When a Notice of Contest is not filed within fifteen working days after the employer’s receipt of the Notification of Proposed Penalty, the citation and proposed penalty assessment become a final order of the Commission “not subject to review by any court or agency” (29 USC 659(a)). By its unequivocal terms, therefore, the statute specifically prohibits this Commission from doing what Respondent’s motion of July 10, 1974 requested it to do, regardless of the reasons, perhaps persuasive but nonetheless unredeeming, that prompt the late filing, such as those advanced by Respondent throughout these proceedings (Secretary v. Walter A. Podpora, Docket No. 721, May 18, 1972; see Secretary v. FMC Corporation–Fibers Division et al, Docket No. 5355, July 17, 1974; Peter J. Brennan, Secretary of Labor v. Occupational Safety and Health Review Commission and S.J. Otinger Jr., ––– F2d ––––, Docket No. 73–3068 (5th Cir., October 3, 1974). A fortiori, as the Citation and Notification of Proposed Penalty in this case became a final order of the Commission by operation of law when Respondent failed to file its Notice of Contest on or before June 20, 1974, the motions judge’s Order purporting to override the finality of that Order was of no legal effect (id).

The motions judge’s Order of August 2, 1974 is set aside, Respondent’s motion is denied, and Respondent’s Notice of Contest filed nunc pro tunc on June 21, 1974 is dismissed.

 

So ORDERED.

JOSEPH L. CHALK

Judge, OSHRC

Dated: October 22 1974

Washington, D.C.

 



[1] The inspection took place on April 17, 1974. One of the inspectors was an industrial hygienist. The industrial hygienist and the other inspector filed separate reports. The industrial hygienist recommended citing Owens–Illinois for a failure to comply with 29 CFR 1910.95, a standard regulating excessive noise. The other inspector recommended citing Owens–Illinois under the general duty clause in section 5(a)(1) of the Act and for additional violations of standards under the special duty clause in section 5(a)(2) of the Act. A citation alleging a violation of the noise standard was issued on May 29, 1974. A citation alleging a violation of the general duty clause and the additional standards violations was issued on May 31, 1974. The citation and notice of proposed penalty for the alleged noise violation were apparently received on May 30, 1974, at the company’s plant.

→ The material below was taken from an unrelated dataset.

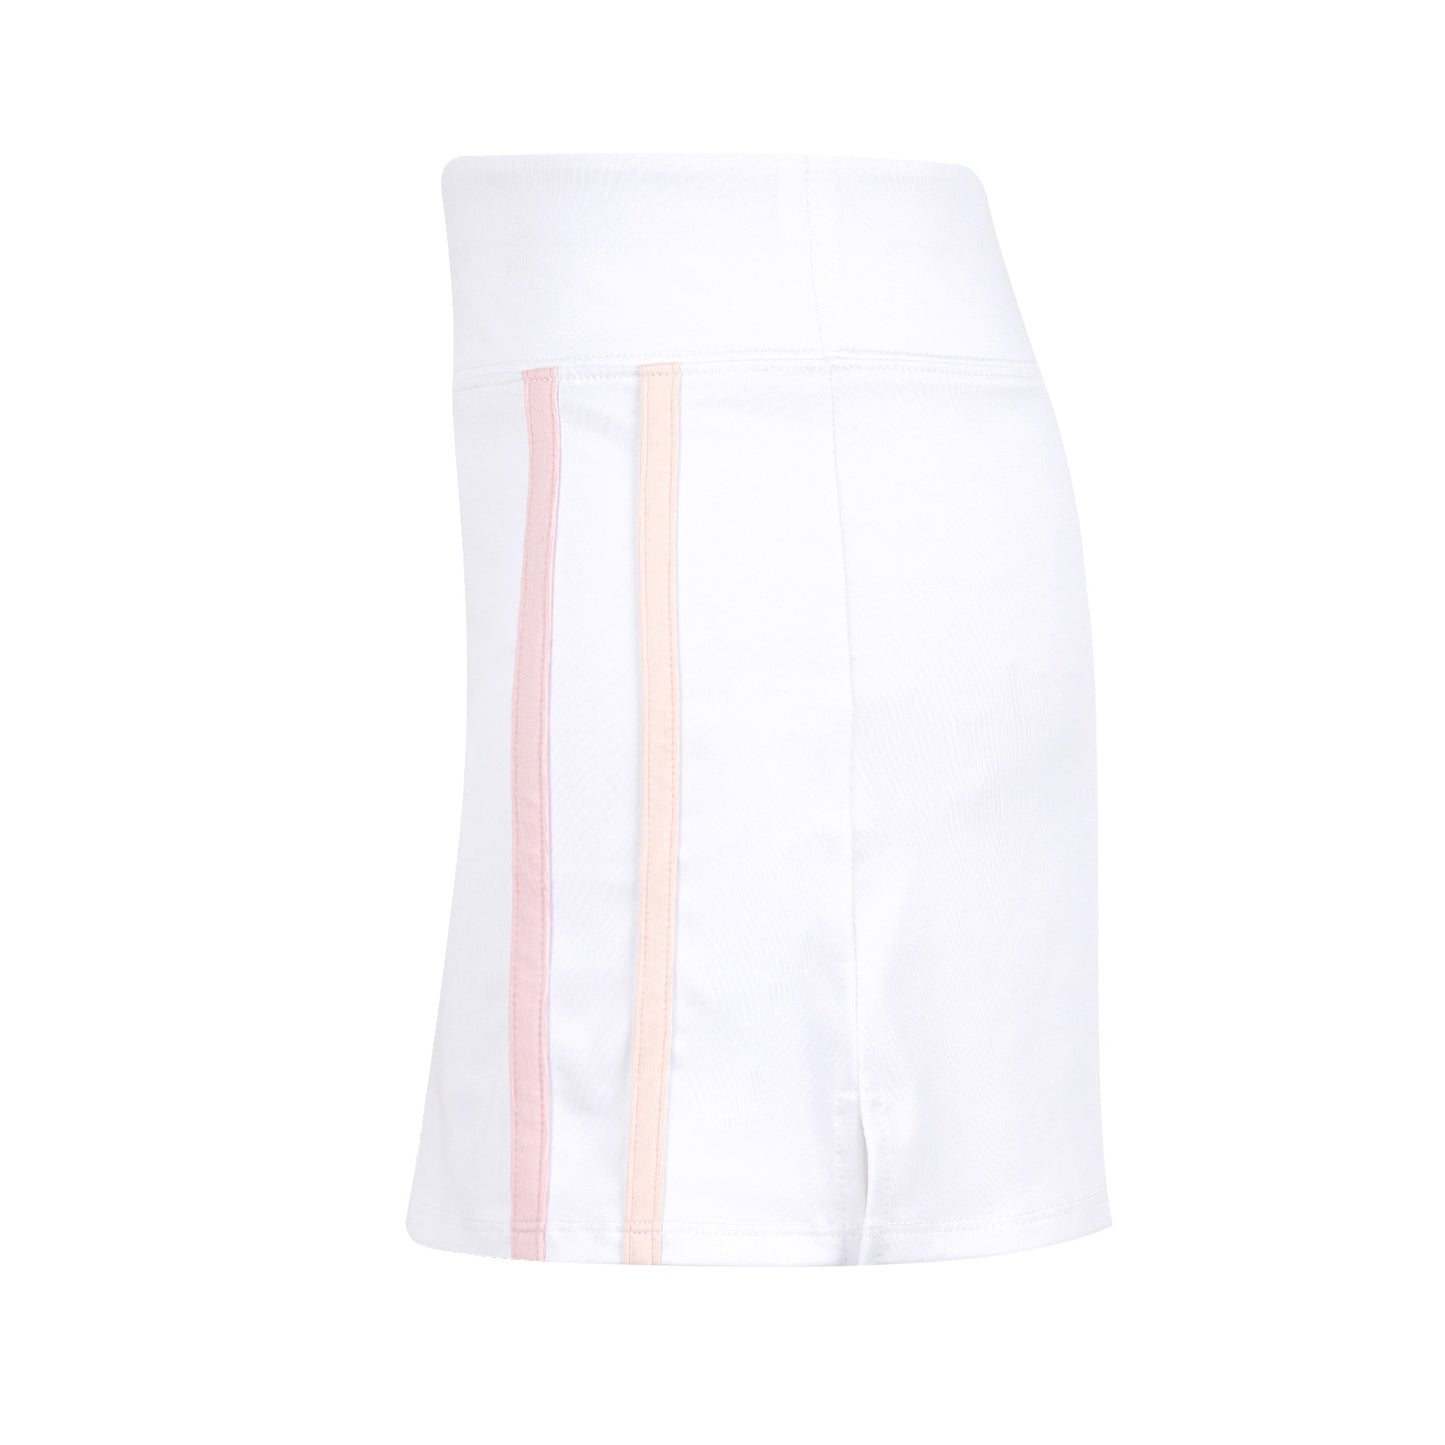 Carnival Lights White Racer Stripe Skirt - New!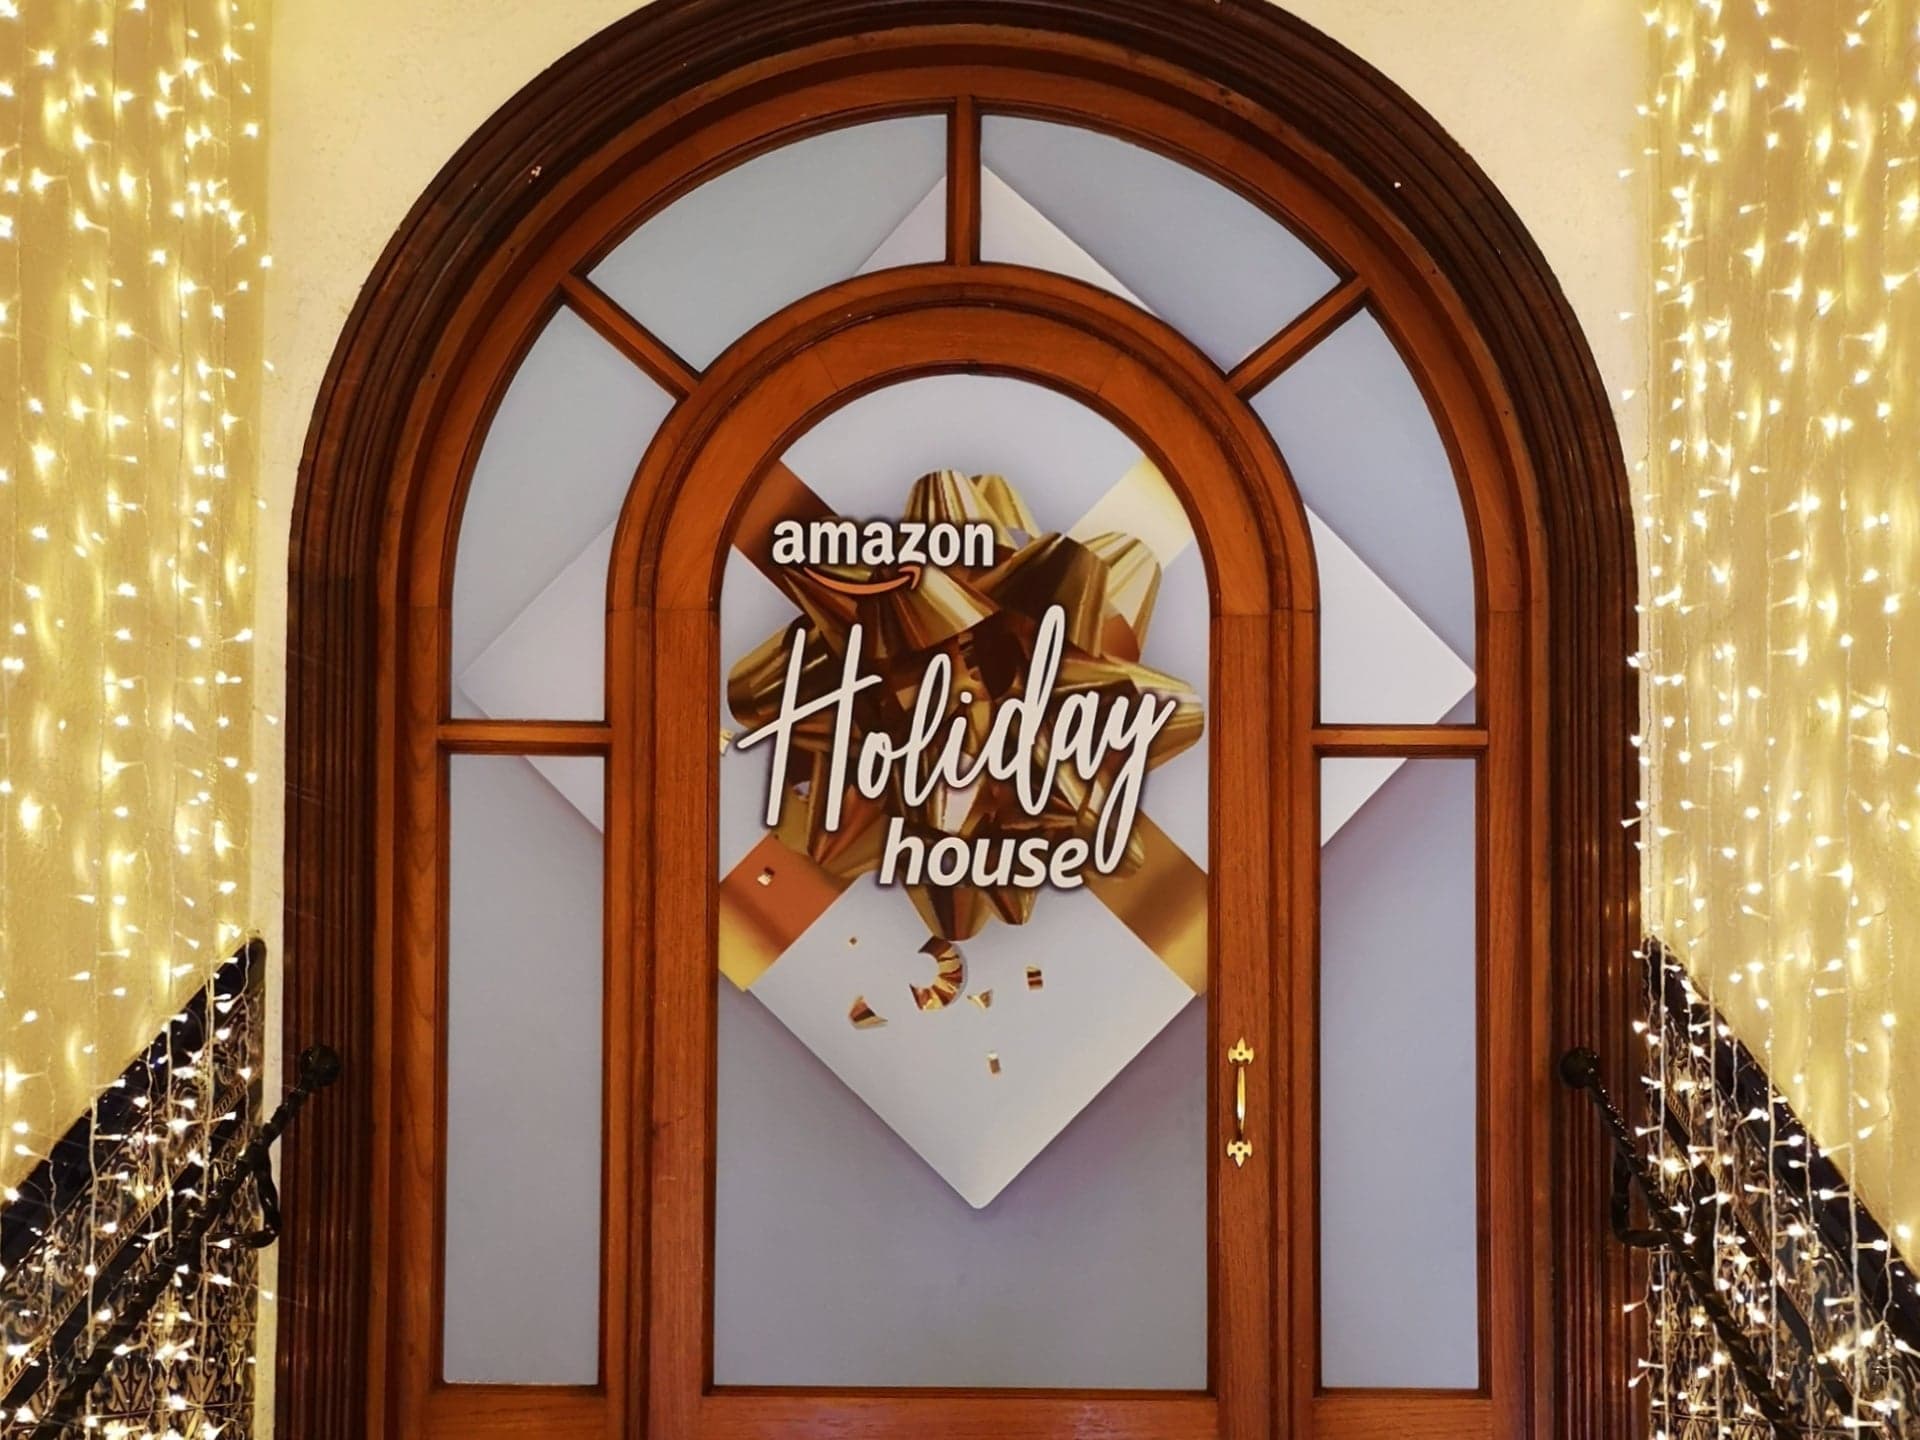 Amazon Holiday House

The citation and notice of proposed penalty for the remaining alleged violations was received at the plant on June 3, 1974. Both sets of citations and notices of proposed penalties were forwarded together from the plant in Virginia to the company’s legal department in Toledo, Ohio. There, the date of receipt on the later issued citation was mistakenly taken to be the only date of receipt and the notice of contest as to the earlier issued citation was mailed on June 21, 1974.

On July 1, 1974, the Area Director notified the company that its notice of contest had been filed one day late since the fifteenth working day from the May 30 receipt would expire on June 20, 1974. The company moved that the Commission take jurisdiction of the contest. The motion was granted by Administrative Law Judge Brennan. The Secretary requested leave to file an interlocutory appeal to the full Commission, but the request was denied. The case was assigned to Judge Chalk for hearing. Judge Chalk dismissed the notice of contest on the ground that it was untimely filed.

[2] The record indicates that the Secretary wrote Respondent’s attorney on July 1, 1974, informing him that this Notice of Contest was not timely filed.